From the beginning we knew there would be scraps of insulation that would have to be thrown away. I hate throwing away what appears to be good material but trying to fit scraps into a stud cavity is asking for trouble.  Using a single piece cut to fit gives a better install:  It fits tight against the studs and provides for more uniform filling through the cavity.  Overall it will lead to better thermal performance.

Having several people to install insulation makes the job move along quickly.  However, it also introduces inter-user variability in the installation.  We inspected each others installation and watched one another's installation method to narrow down the best way to achieve a good installation and came up with a set of rules for installation.  Our reasoning was that it would decrease inter-user variability and provide for a more consistent installation.

After insulating was completed we started installing the first component of our air tight barrier ie OSB.   We just followed the procedure that we mapped out with our mock up from earlier when testing the insulation compression.  Since we wanted to keep joins to a minimum, we worked with full sheets.  Around windows, we typically placed the sheet vertically in front of the buck then scribed a line around the buck opening onto the OSB and cut the opening out with a circular saw.  If the sheet covered the window, we ripped the sheet to the width of the nearest 24 oc stud centered under the window opening so we could reach inside the buck opening to scribe the window opening.

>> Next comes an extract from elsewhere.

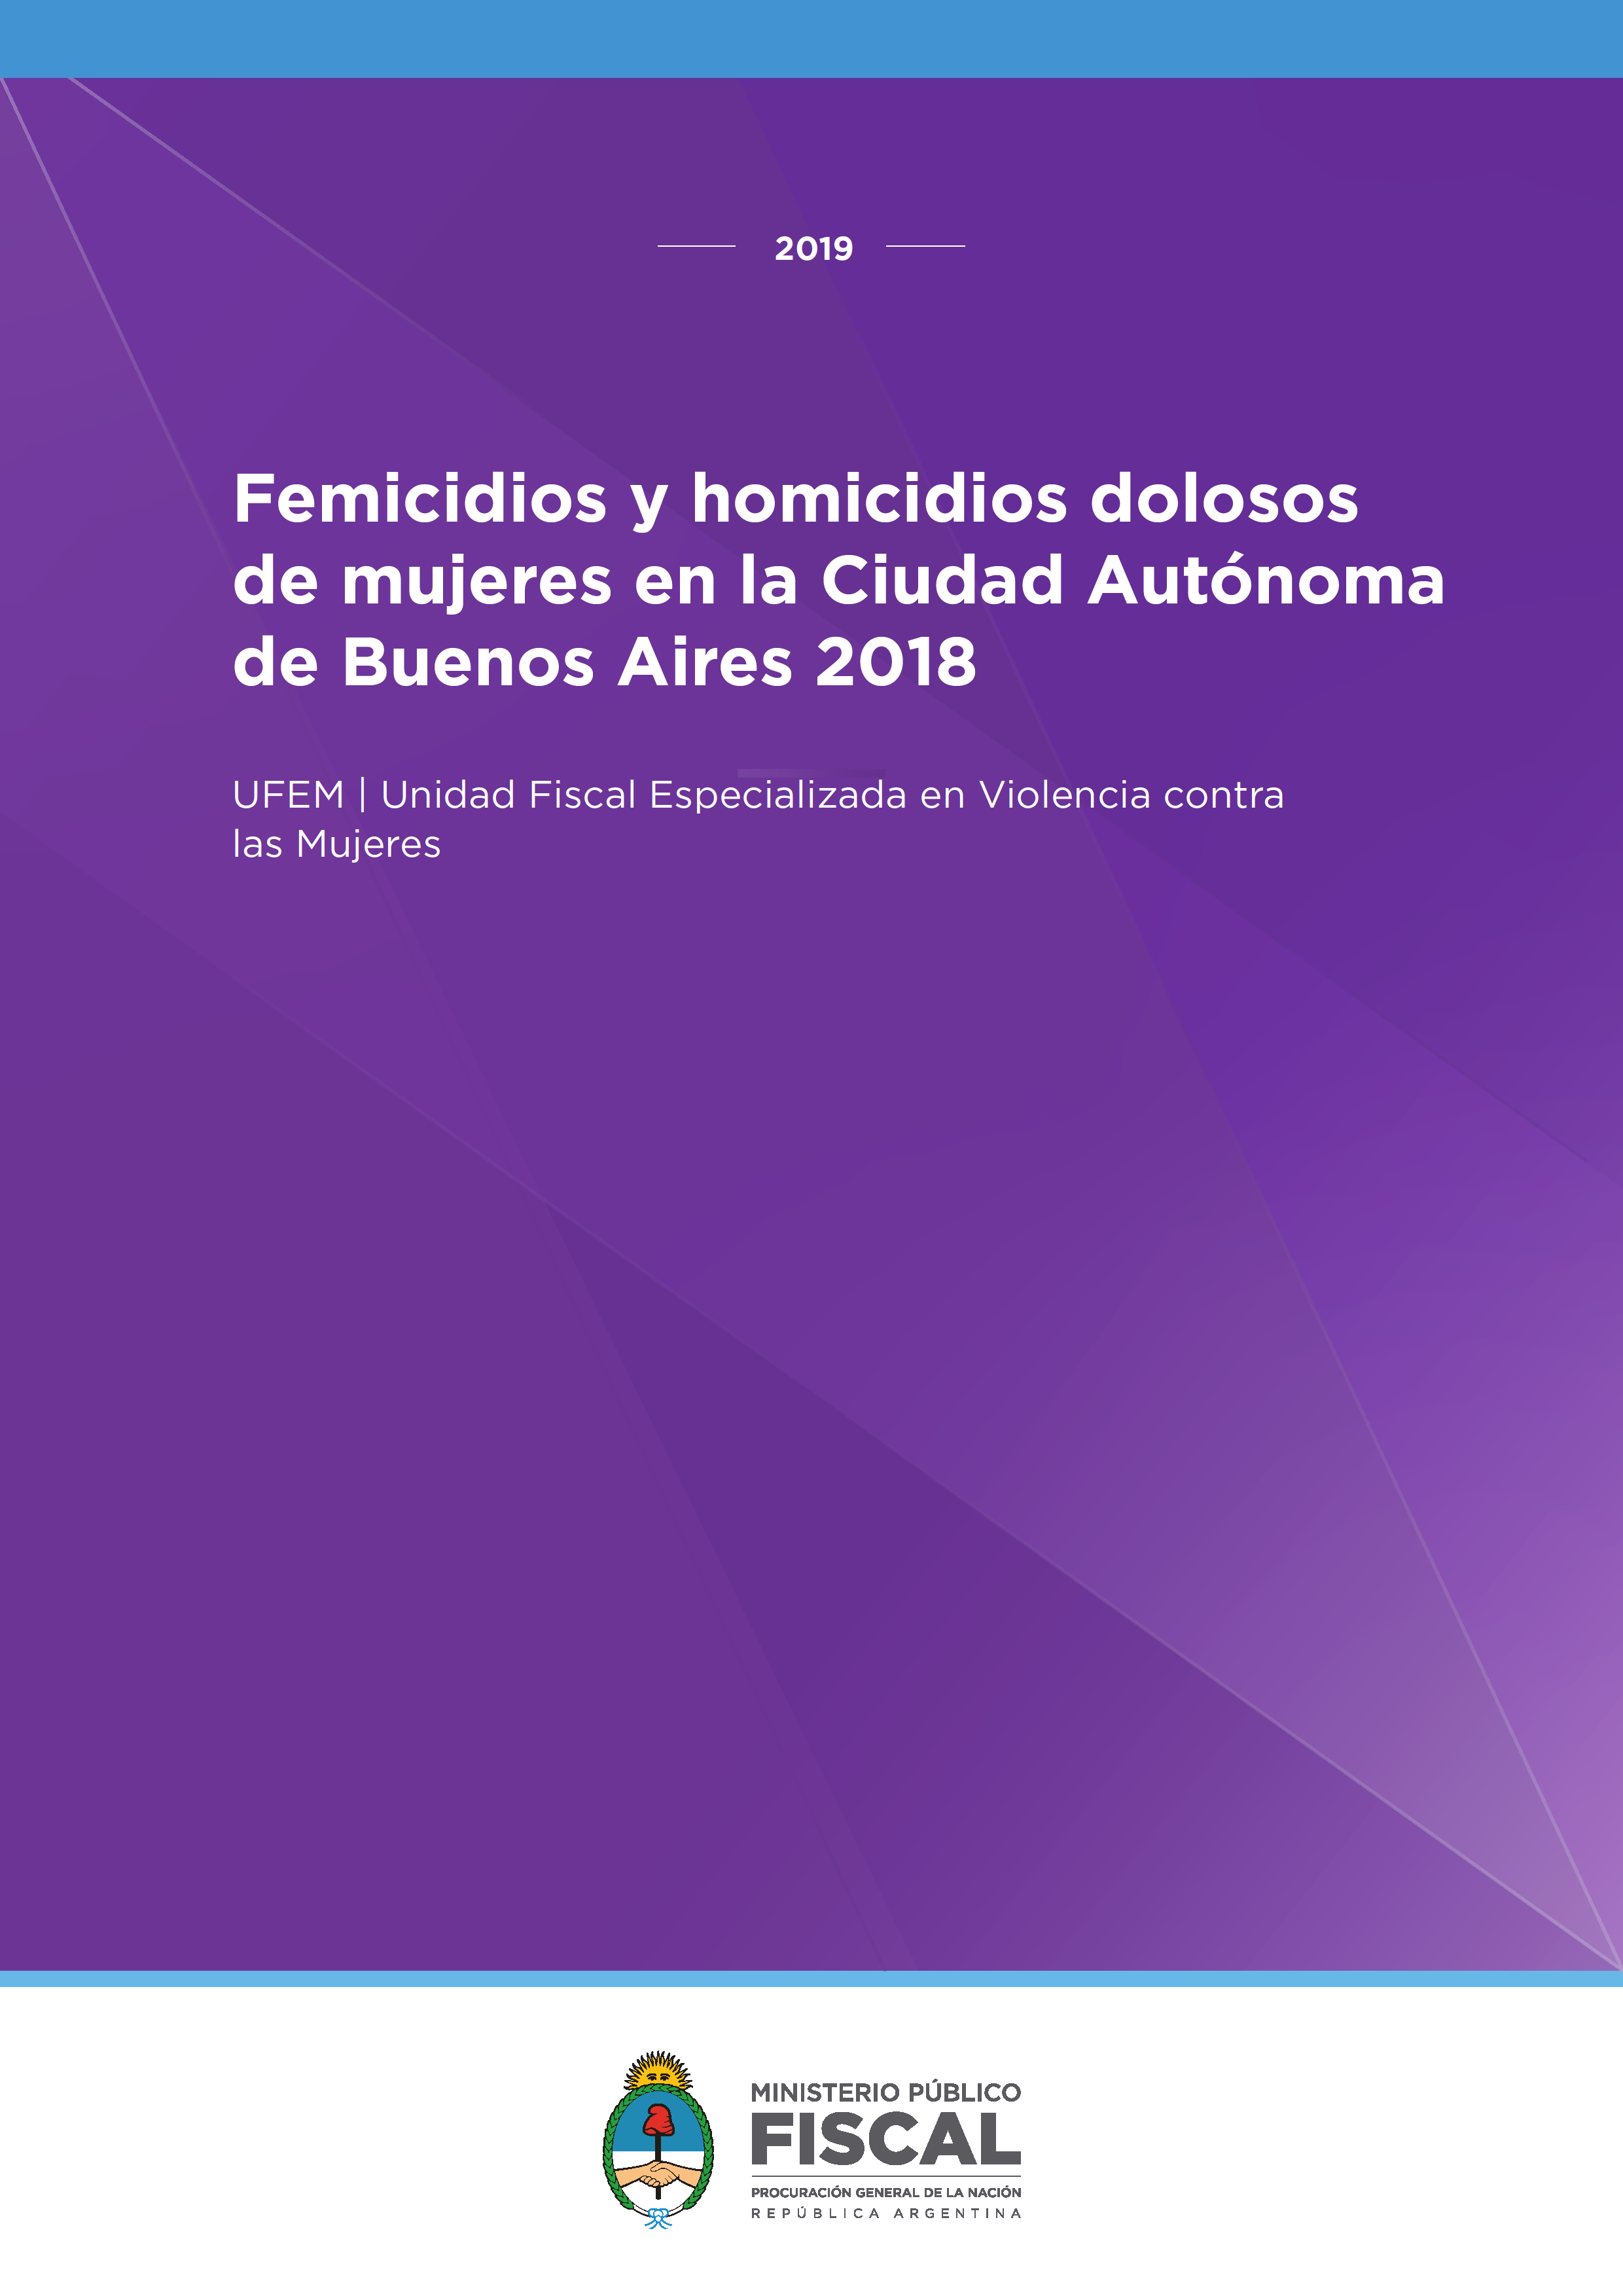 Femicidios y Homicidios dolosos de mujeres en la Ciudad Autónoma de Buenos Aires 2018

With this methodology we will be sealing two less joins per window when compared to installing individual pieces above and below the window bucks.  In some cases this may not work but I figured that more solid OSB means less potential for air leakage and is therefore the better choice.  It also saves on expensive tape as well as time for caulking and taping.

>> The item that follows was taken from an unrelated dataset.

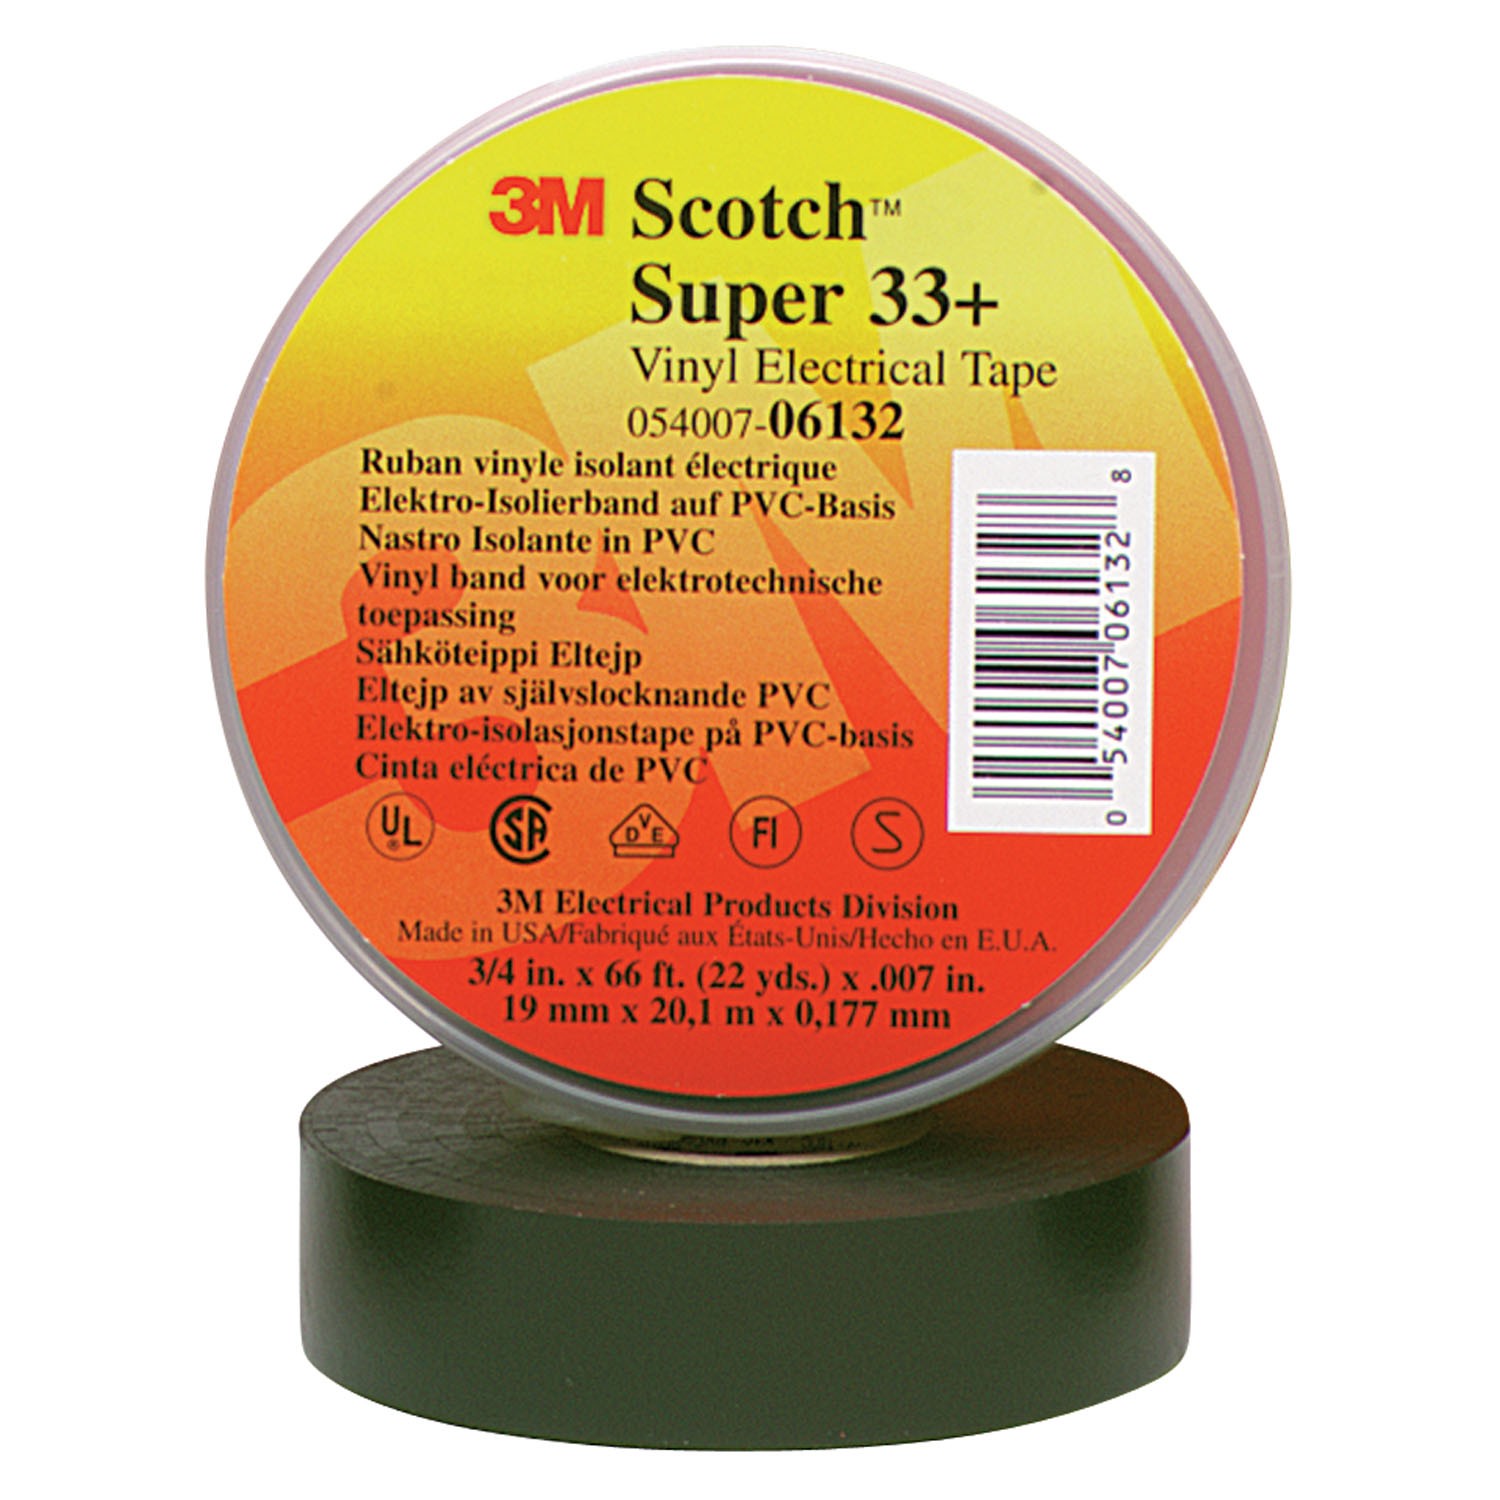 3M Scotch Super 33+ Vinyl Electrical Tape

Some penetrations in through the air barrier were easier to implement up front rather than waiting till later.  The ERV vent was one of those penetrations.    The vent was the DVS-100 from reversomatic.  It is a dual vent that can be fitted into the wall in a single piece.   See pics below. The vent was fitted into the wall cavity from the exterior.  Extension pipes were added to the vent and the vent was spray foamed around.  The spray foam was finally trimmed so fibreglass would fit nicely around the pipes.  We marked out where the penetrations would be on a sheet of OSB and drilled the holes necessary for the vent pipe penetrations.  In order to get nice tight insulation around the vent pipes, I had to figure out how to drill holes through fibreglass.  Using a template placed on the batt at the right location, I stepped onto the templates with all of my weight.  A drill with a hole saw could then be used to drill the hole locations to give nice round holes for fitting around the vents.

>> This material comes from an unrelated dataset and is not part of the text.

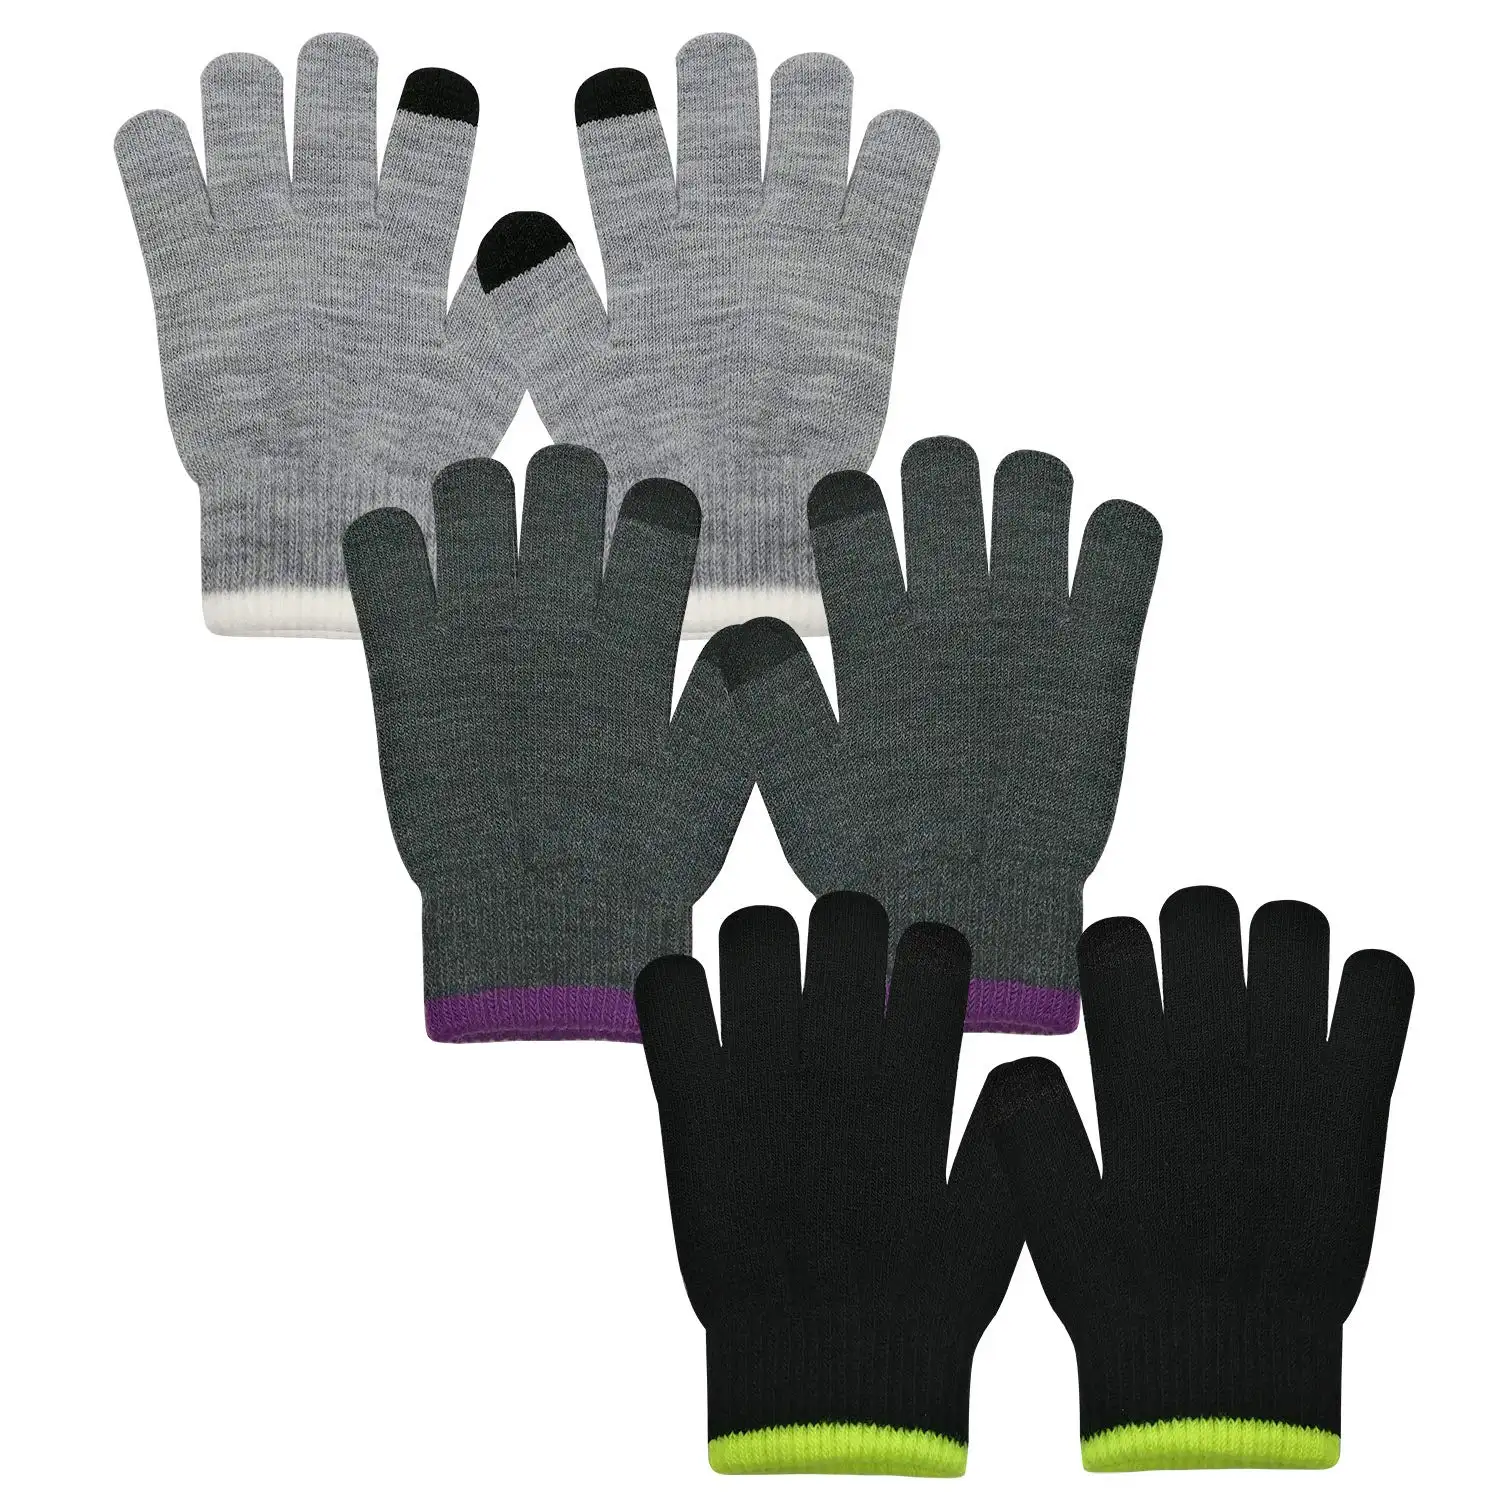 Высококачественные перчатки, волшебные теплые перчатки, удобные трикотажные перчатки с изображением белки из мультфильма

Anyway, more to come, within the next week we'll see much more happening.  I expect that we'll start the interior air sealing details and exterior cladding has already started....

Photo 1-1 After some practice we were able to achieve insulation fitting tightly in the corner of a stud cavity.

Photo 1-2 Starting to erect the OSB air barrier

Photo 1-3 OSB air barrier compressing the the fibreglass insulation.  Despite what people told me, it works fine!

Photo 1-4 Rather than adding corner studs we simply added a corner drywall corner and screwed the OSB to it. Corners are bad enough as it is for transmission of heat, eliminating a stud here and there does make a difference.

Photo 1-5.  ERV vent.  DVS-100 by Reversomatic.  Its a combination vent.  A hole was cut in the exterior foam the vent was inserted.

Photo 1-6 Holes drilled in OSB for the ERV vent.

Photo 1-7 How to drill fibreglass!  make a template of a hole. lay it on the fibreglass

Photo 1-8 Stand on the template and drill the fibreglass insulation.

Photo 1-9 Once the holes in the fibreglass insulation are drilled the insulation can be neatly filled around the ERV vent!

Photo 1-10. Installation of OSB around the ERV vent pipes.